# Amarillo and/or galaxy pale recipie?



## james82t (17/9/13)

Hey guys, just working out a recipie to debut my new mill on.

I have ale malt, wheat, carapils and crystal 60. 

I'd like to use up my hop reserves of Amarillo and galaxy, but are they ok together?

I was thinking... Paleish aleish

4kg ale
1kg wheat
.3 kg crystal

Boil
25 gm Amarillo

Then Amarillo and galaxy at 10 and 5 and 0 plus dry hop.

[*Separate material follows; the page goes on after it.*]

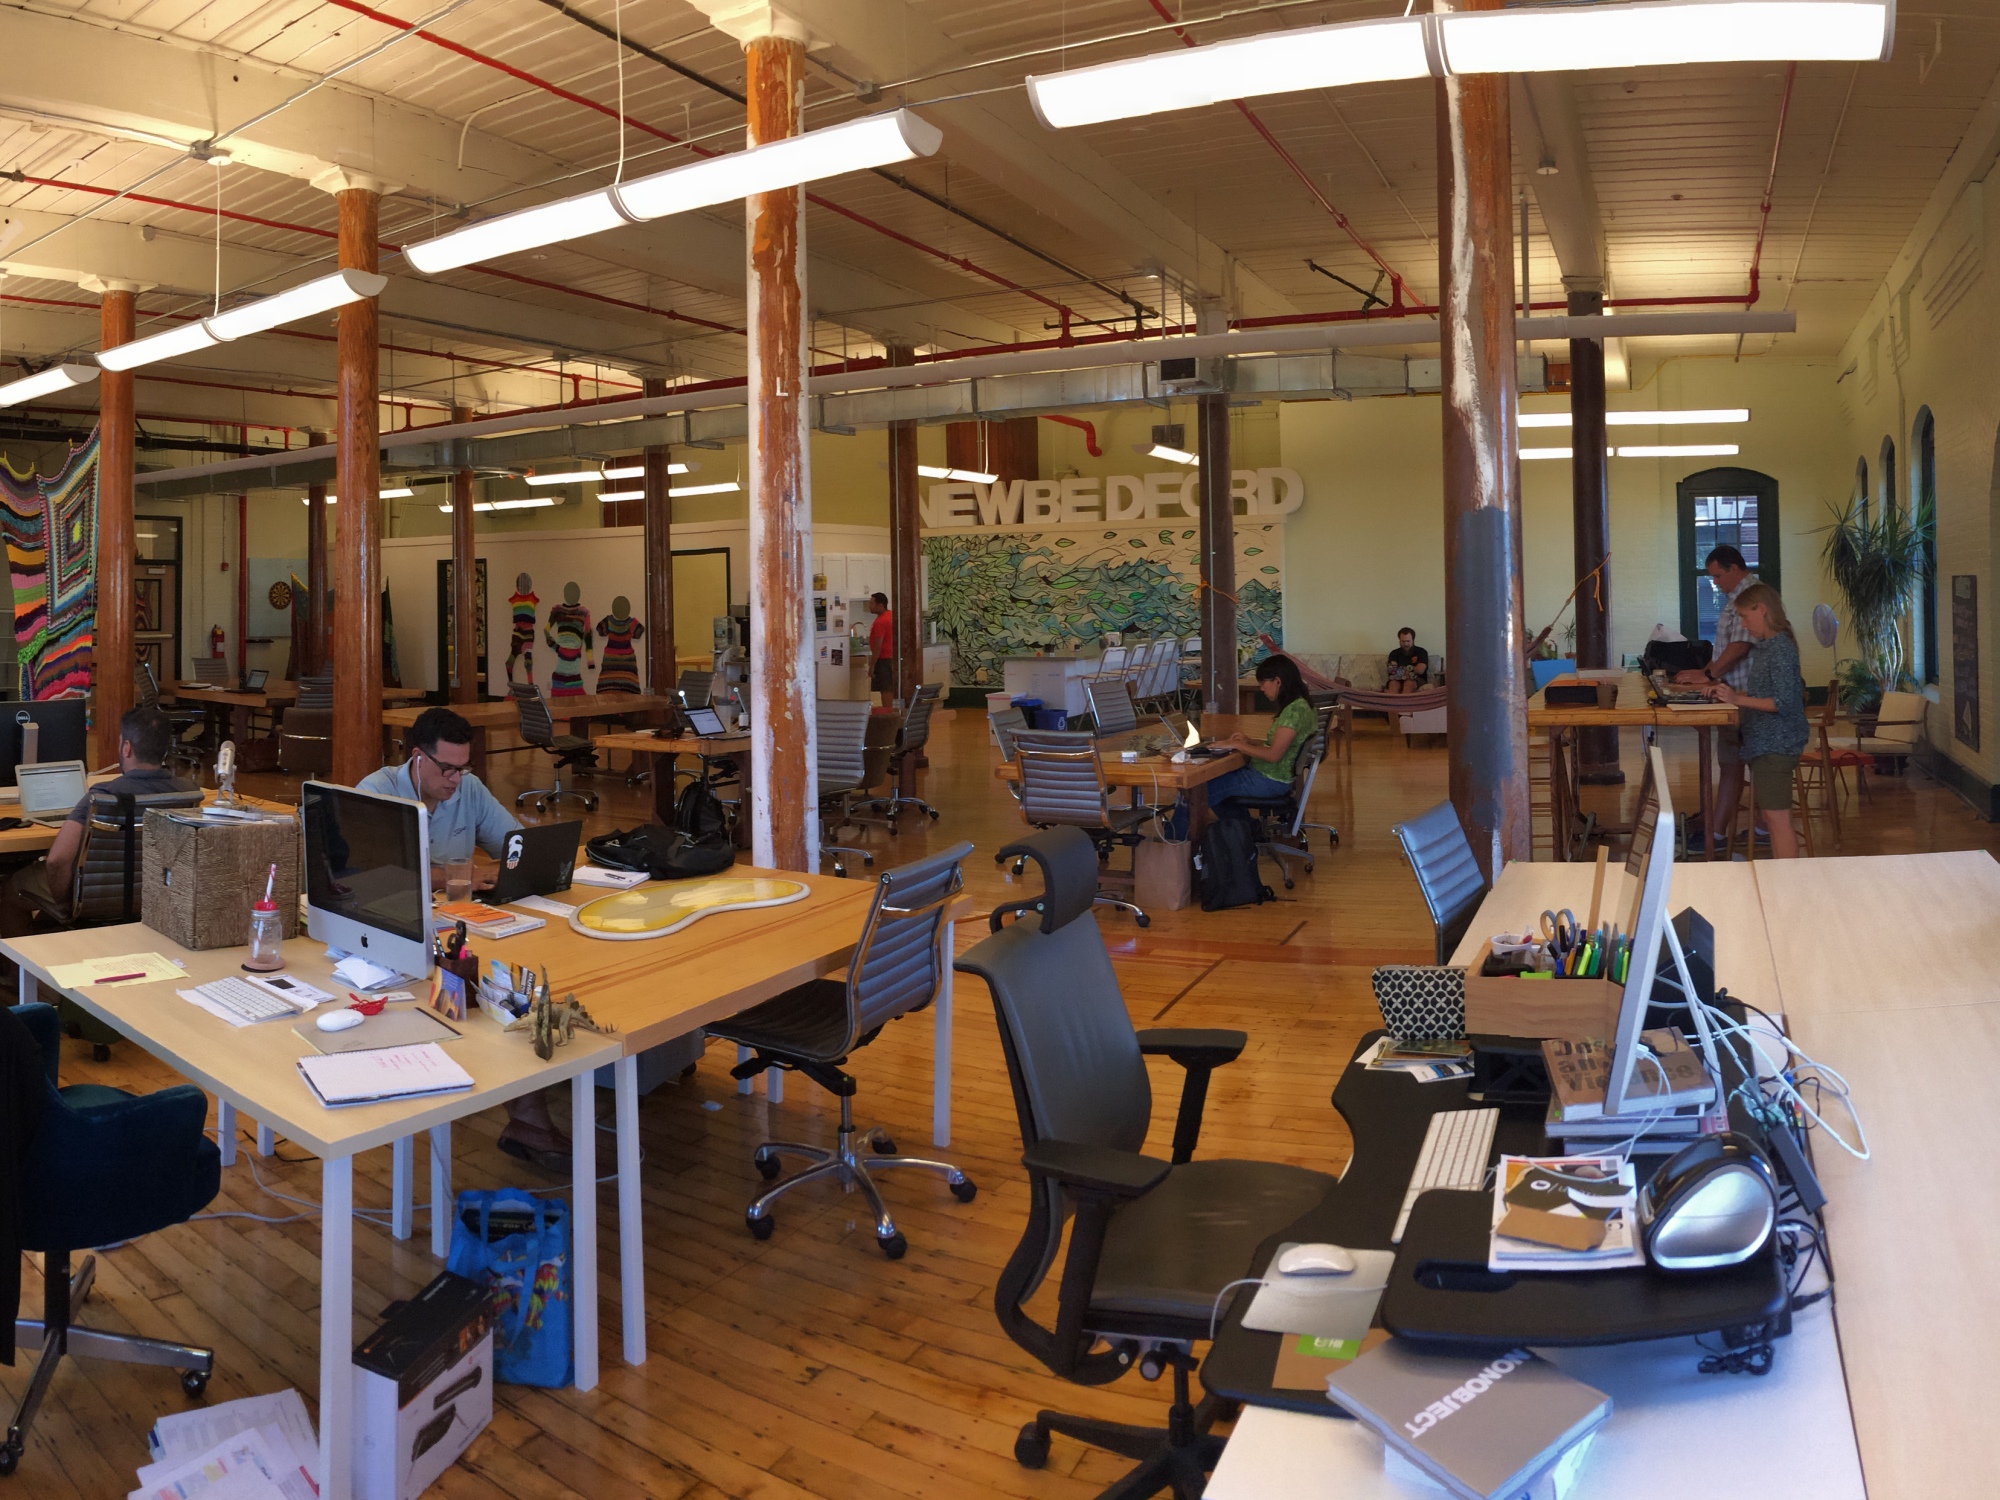 Groundwork co-working space in New Bedford, MA

Any suggestions would be appreciated.

Many thanks to all members for your knowledge


----------



## timmi9191 (17/9/13)

It's always a matter of personal taste.. It's also a matter of your brewing technique ( eg chill v no chill)..
For me , id go with 40 ibu from a 10 minute addition. Ratio of 2:1 Amarillo:galaxy. Dry hop total 3g/l same ratio


----------



## BeerNess (17/9/13)

I do something similar with Galaxy and Cascade, use galaxy for bittering at 45m then flameout 1g/l galaxy & .5g/l cascade flame out and then dry hop 1.5g/l cascade & 1g/l galaxy, that balance works well for me.


----------



## AJ80 (17/9/13)

I've found galaxy and Amarillo combine quite well together - lots of tropical fruit aroma.


----------